# Freezer burned meat or bones for stock?



## taxlady

Is there any downside to using freezer burned meat or bones when making stock? Does it leave funny flavours? Are there other gotchas?


----------



## GotGarlic

I think it depends on how extensive the damage is. If it's just a small area, I'd trim it off and use the rest. It's not spoiled - it's just dried out.


----------



## Chief Longwind Of The North

Freezer burned meats do have an off taste.  For example, as teenagers, my best freind and I decided to get into our little boat, cross the river (big river,  35 foot deep and more, and 3/4 miles wide) and make a makeshift camp for the weekend on one of the little uninhabited islands.  We made our camp and built a cooking fire to roast a chicken over it that we'd pulled from my parents, chest freezer.  We made a spit out of willow branches and two forked branches to hold the spit.  We roasted it carefully, and seasoned it with S&P.  The bird had been freezer burned. 

 One bite and we gave the rest to my buddy's dog.  The meat was not spoiled.  It tasted bad and the dog would't even eat it.  We had spuds, a knife and some bacon fat we'd brought along.  The cast iron pan we'd brought did the trick and we had American fries for our dinner.

If the food is badly freezer burned, I would chuck it into the woods and let the wildlife have it.  That- my opinion, based on past experieces with freezer burned chiken, and rabbit.

Seeeeya, Chief Longwind of the North


----------



## strmanglr scott

I agree, freezer burned, just toss it. Not only is a big chunk of it dried out/burnt it has taken on the taste of the freezer/refrigerator over that time. Not worth it.  

That being said I do wrap up small meat leftovers and throw them in the freezer and use them for chili or something similar. Try not to let them go more than a week or so.


----------



## jennyema

strmanglr scott said:


> I agree, freezer burned, just toss it. Not only is a big chunk of it dried out/burnt it has taken on the taste of the freezer/refrigerator over that time. Not worth it. .




I agree with this and Chief.

Freezer burned meat has a distinct "off" taste to me.


----------



## Kayelle

Your story gave me a much need grin *Chief.*.thank you.

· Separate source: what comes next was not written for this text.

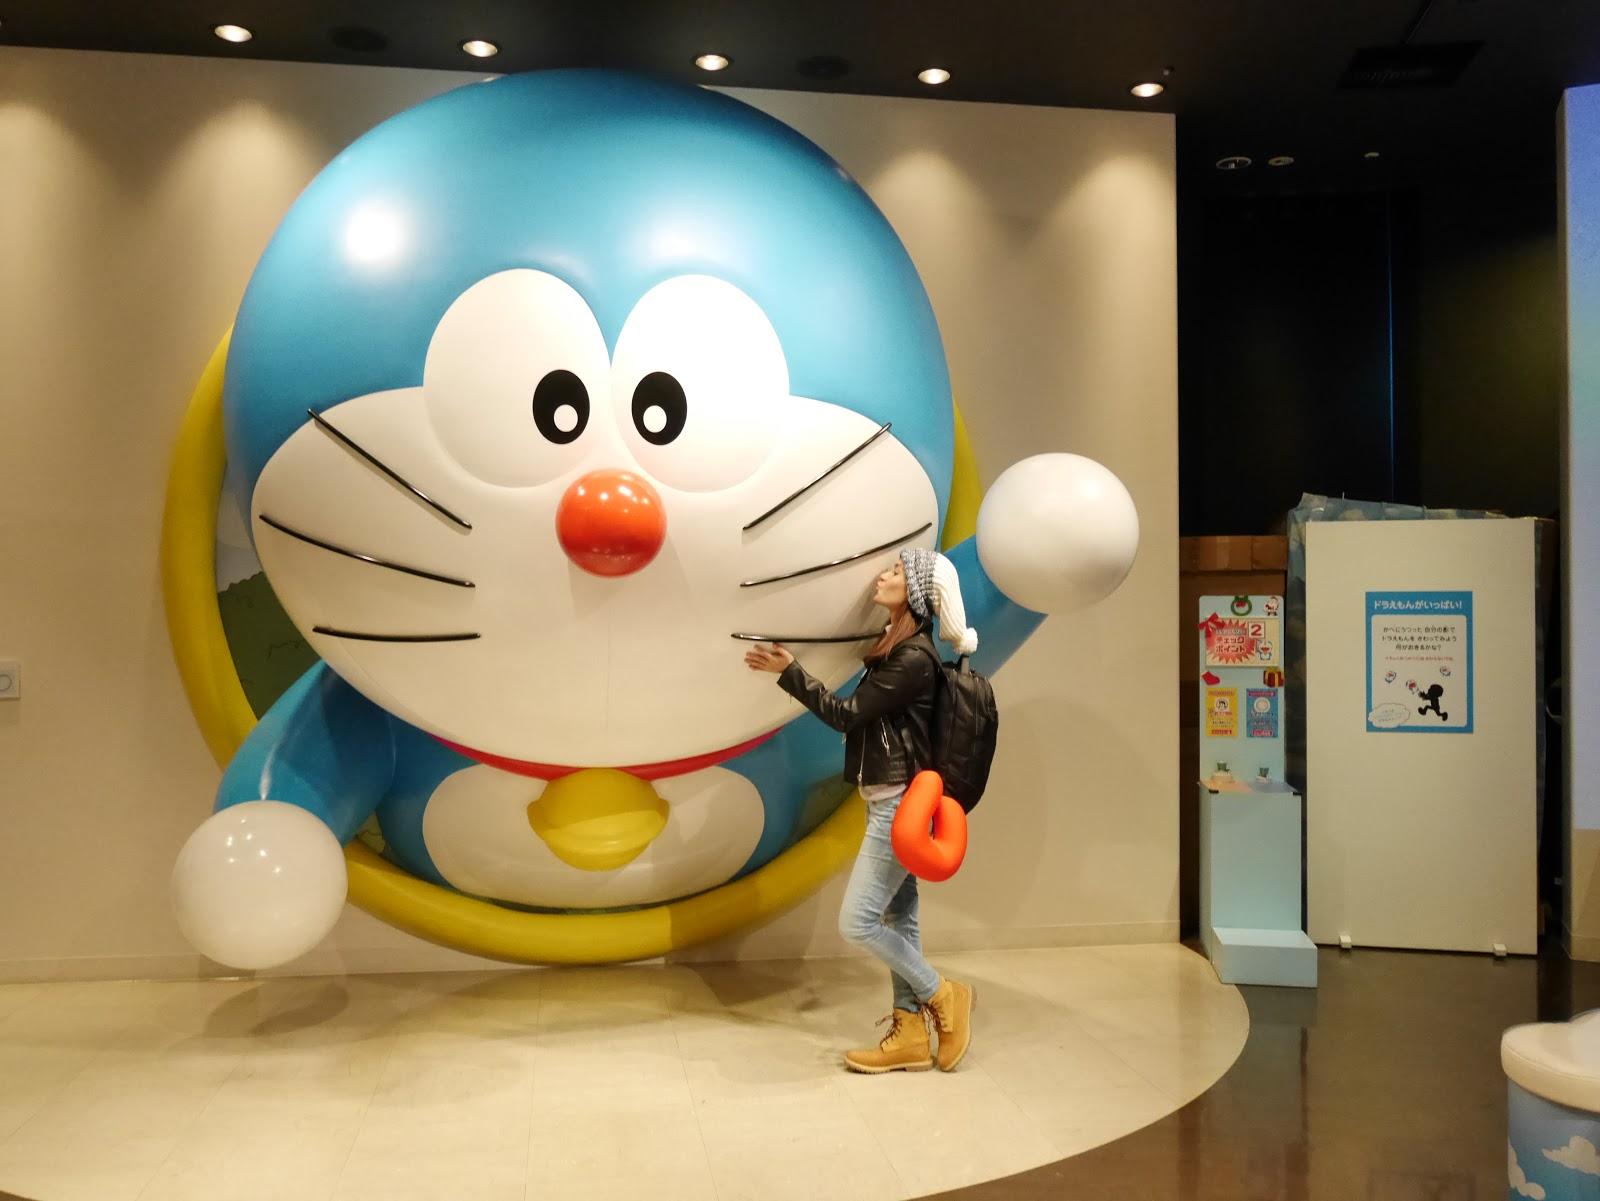 Entry Bergambar Hokkaido Day 1 Media Panas Tcash Vaganza 18 Nabi Matte Long Lasting Lip Gloss Ni Entrance Nak Masuk Doraemon Wakuwaru Skyparkmuka Very Welcoming Gitu

 Unless the freezer burn can be removed I'd chuck it too, but we don't have any woods in these parts, and no dog either. 
I'd certainly eat it if I had to, but not by choice.


----------



## taxlady

Thanks for all the replies. It makes sense that if air got into the package to freezer burn the meat, that freezer smells would get in too.


----------



## Kevin86

If it’s super bad pitch it, little spots pick out of hamburger etc. Growing up we often had stuff with freezer burn obviously it’s not as prime as fresh. But try extra broth or a can of tomatoes, etc while it cooks and do it lower and slower hot and fast won’t help. Go heavy handed with onion, garlic, herbs even a jalapeño or something. Even marinate it if you want. Get your flavour package and bouquet to be pronounced help it out it’s limping give it a boost. 

If you just grill or cook it your going to notice it more but put in the effort it comes back to you. Use it in a chilli or something it’s not the end of the world. 

If it’s chicken same thing you can even boil it in broth and do a nice mushroom sauce or something but just give it a hand


----------



## Farmer Jon

I have had great success using freezer burned chicken to make soup and stock. Usually only the skin is freezer burned so I remove that and the rest is good.


----------



## Just Cooking

Interesting, to me, is that since I started vacuum packing freezer items about 20 years ago, I've not had any freezer burned meat or anything else..

I swear by vacuum packing..

Ross


----------



## Chief Longwind Of The North

Vacuum packing removes the air from the food.  It doesn't have the chance to  out, and oxidize.  This keeps the food fresh, and prevents foul flavors as hydrogen and oxygen can't react with the fats, and other food substances.  It also keeps the food from absorbing odors from your freezer.  Vacuum packing definitely helps, if you get all of the air out, and a good seal.

Seeeeeya; Chief Longwind of the North


----------



## Farmer Jon

I changed processors for my beef and pork. They vac seal. But my poultry processor does not. This year I repackaged and vac sealed everything myself. I swear by it.


----------



## Termy

B.H. (before hijack)

The deal is not hard to figure out. If it is only the meat that is burned, remove it and proceed. As it thaws the smell will tell. Take a small strip from near the bone, run the water hot and put it under it for a couple seconds. Then the smell will tell for real. 

Should you want to use some that are iffy I suggest you proceed as following: 

Use salt now, before the broiling or whatever it i doing in the oven. 

Lengthen the time you roast it. I roast until the edges get brown, then let it go and then it is water time. In this case I would roast until it is much darker. I mean could get into the Panthers or something territory here. THAT will turn all that nasty stuff on there to ash. 

At that point, maybe take it out and take a brush to it, but I am not so sure that would be necessary. 

And one little thing, you'll agree - DO NOT mix this with good beef or beef parts. Make a batch with all this, do as thou wilt, freeze etc. etc. etc. (King of Siam here) 

Freeze it in a good container. Don't let it get burned now ! Defeats the whole idea. But later you can really compare them. 

T


----------